◆ How to complete this task ◆
Could you write out, exactly as they stand, only the lines in the listing below from the line with "Kalkstein-Rock-Formation aus Phranang" to the line with "Coral Reef PC Wallpaper HD", both ends included, without the pictures?

◆ Data for analysis ◆

+++

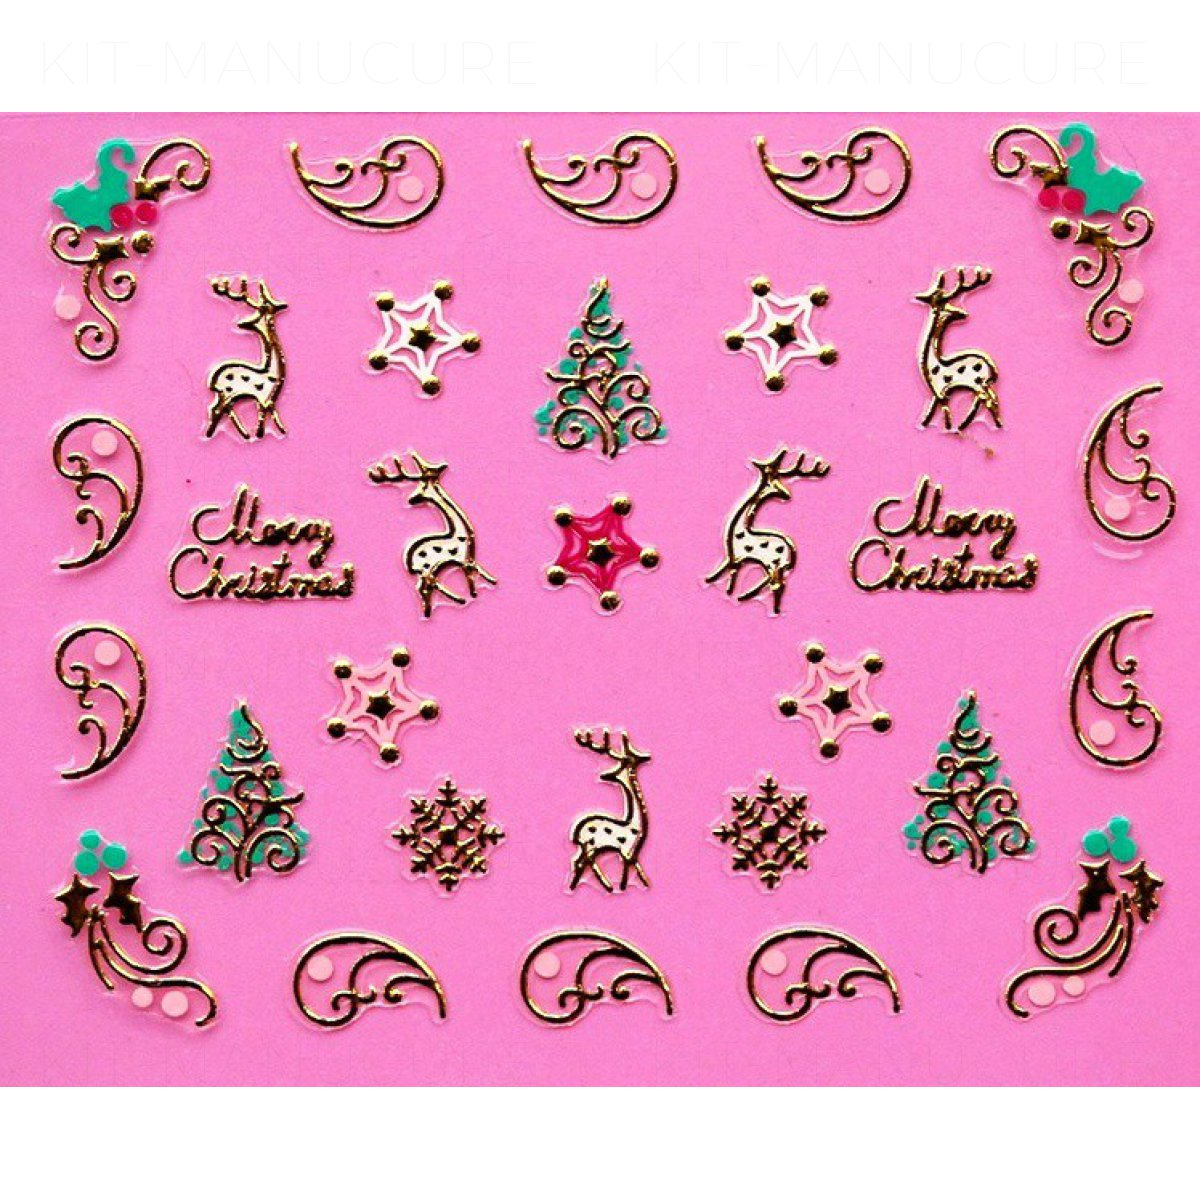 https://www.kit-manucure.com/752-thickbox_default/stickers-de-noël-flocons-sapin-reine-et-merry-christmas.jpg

+++

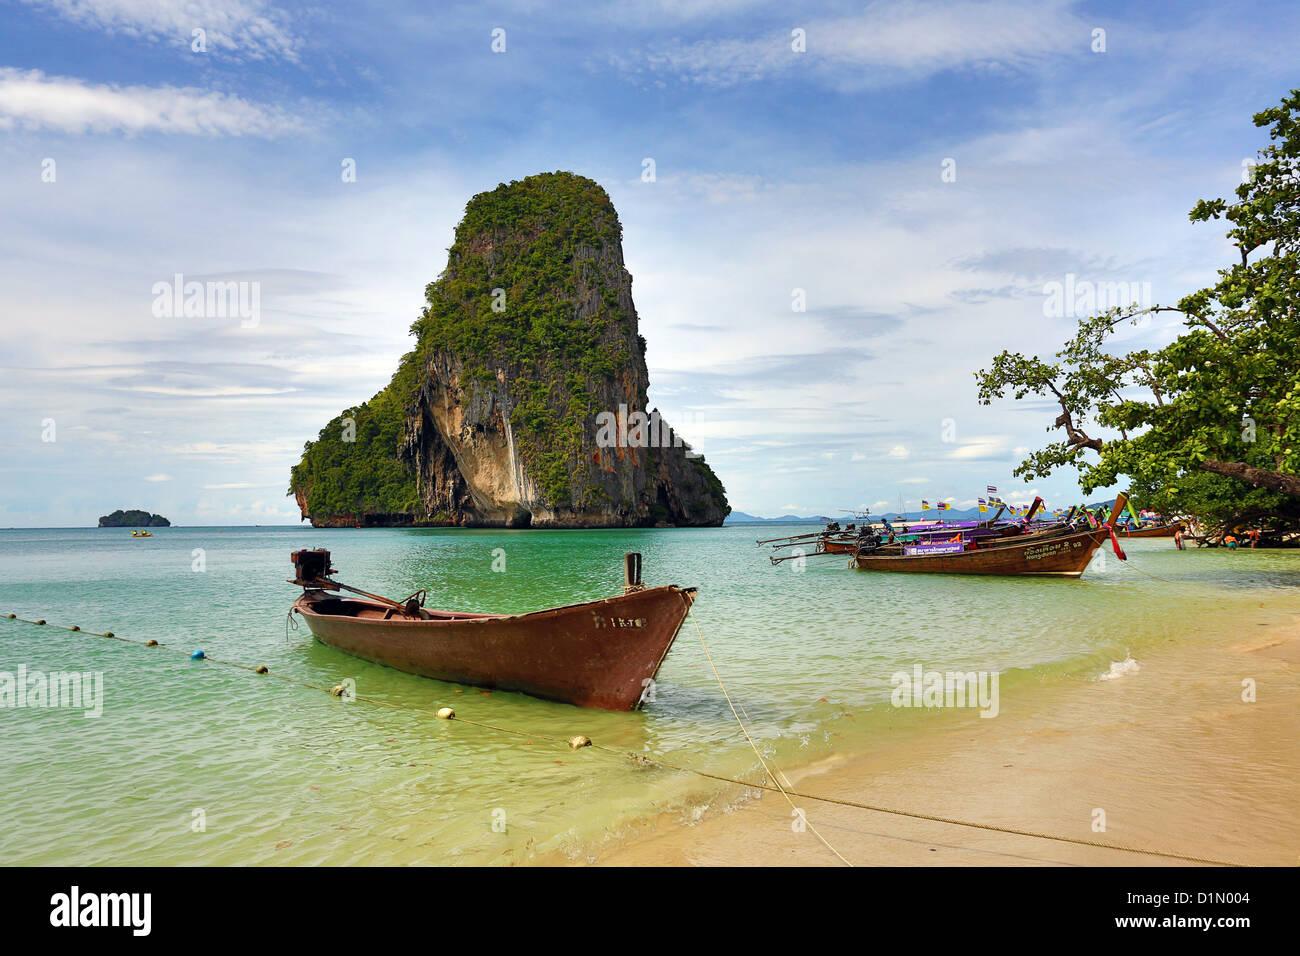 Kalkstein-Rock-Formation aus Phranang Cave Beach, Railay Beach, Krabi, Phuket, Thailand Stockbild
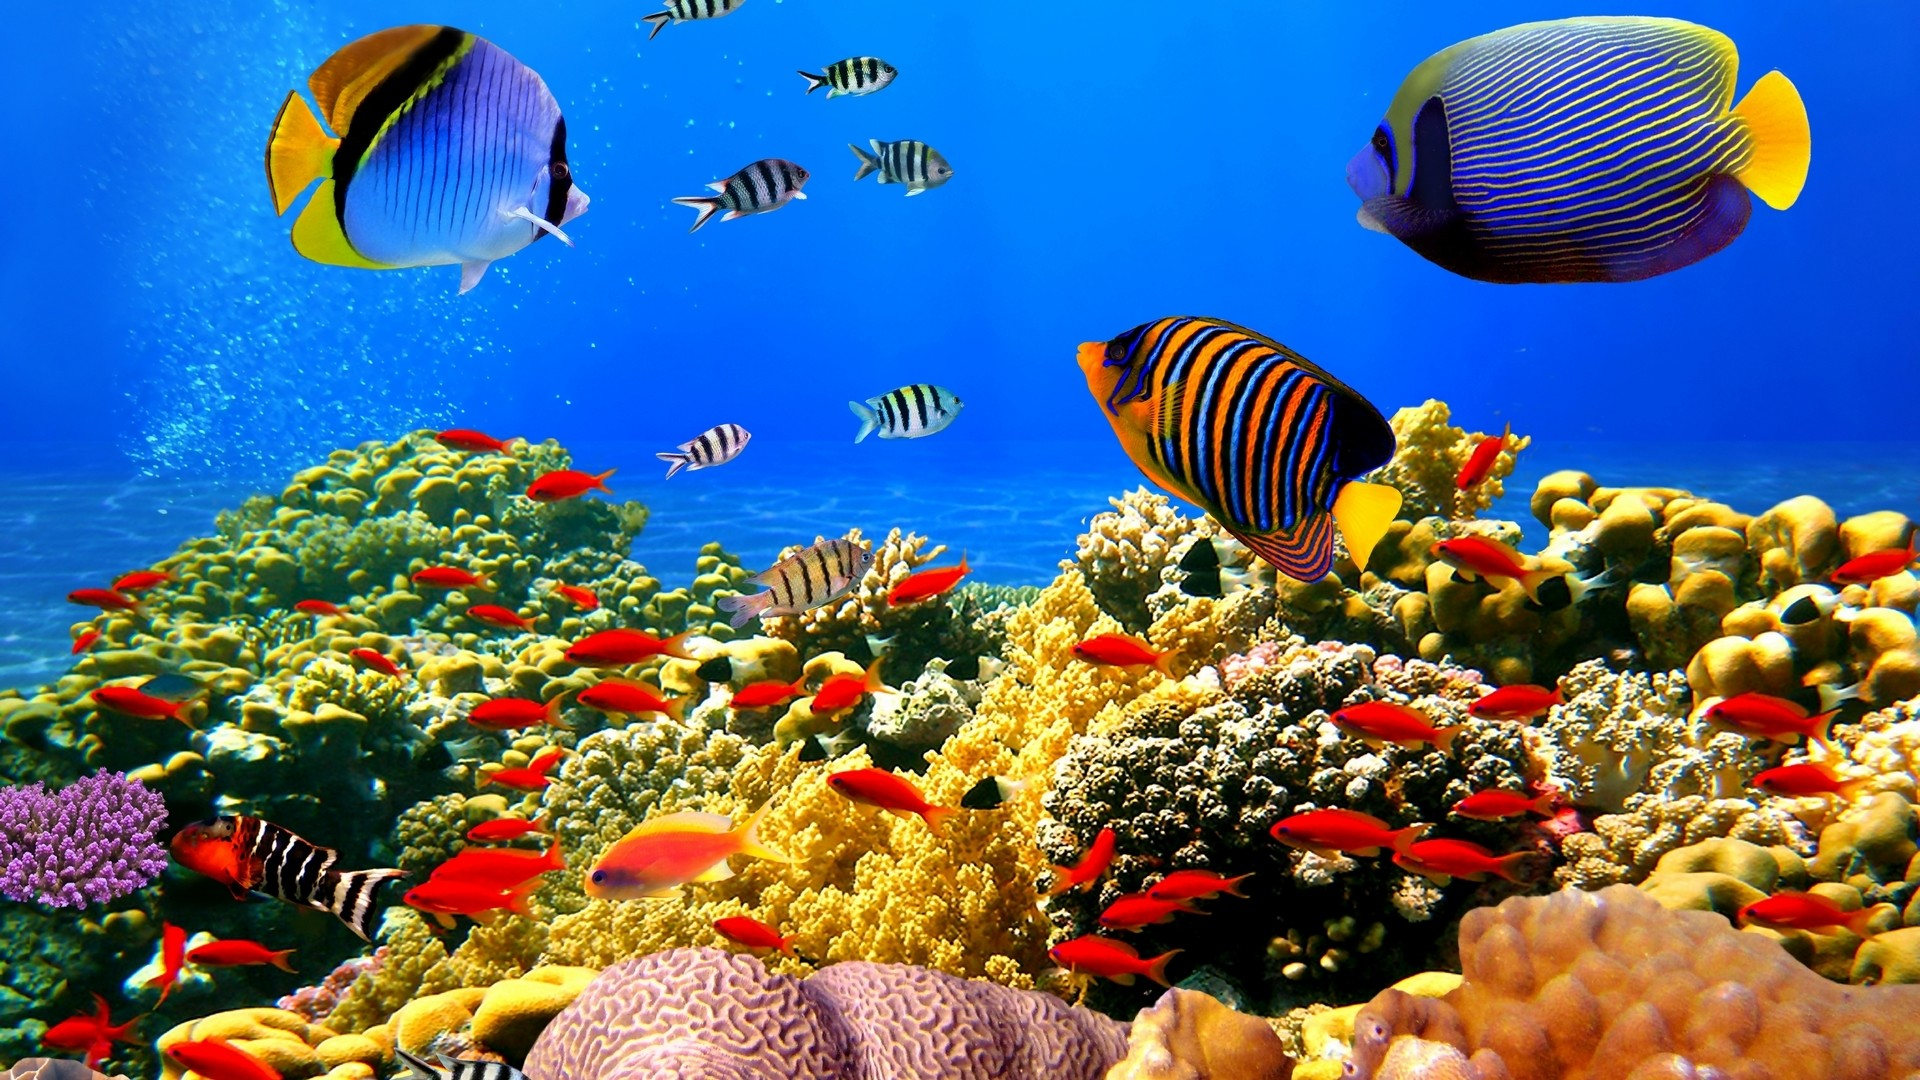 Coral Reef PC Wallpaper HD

+++

◆ Your response ◆
 Kalkstein-Rock-Formation aus Phranang Cave Beach, Railay Beach, Krabi, Phuket, Thailand Stockbild
 Coral Reef PC Wallpaper HD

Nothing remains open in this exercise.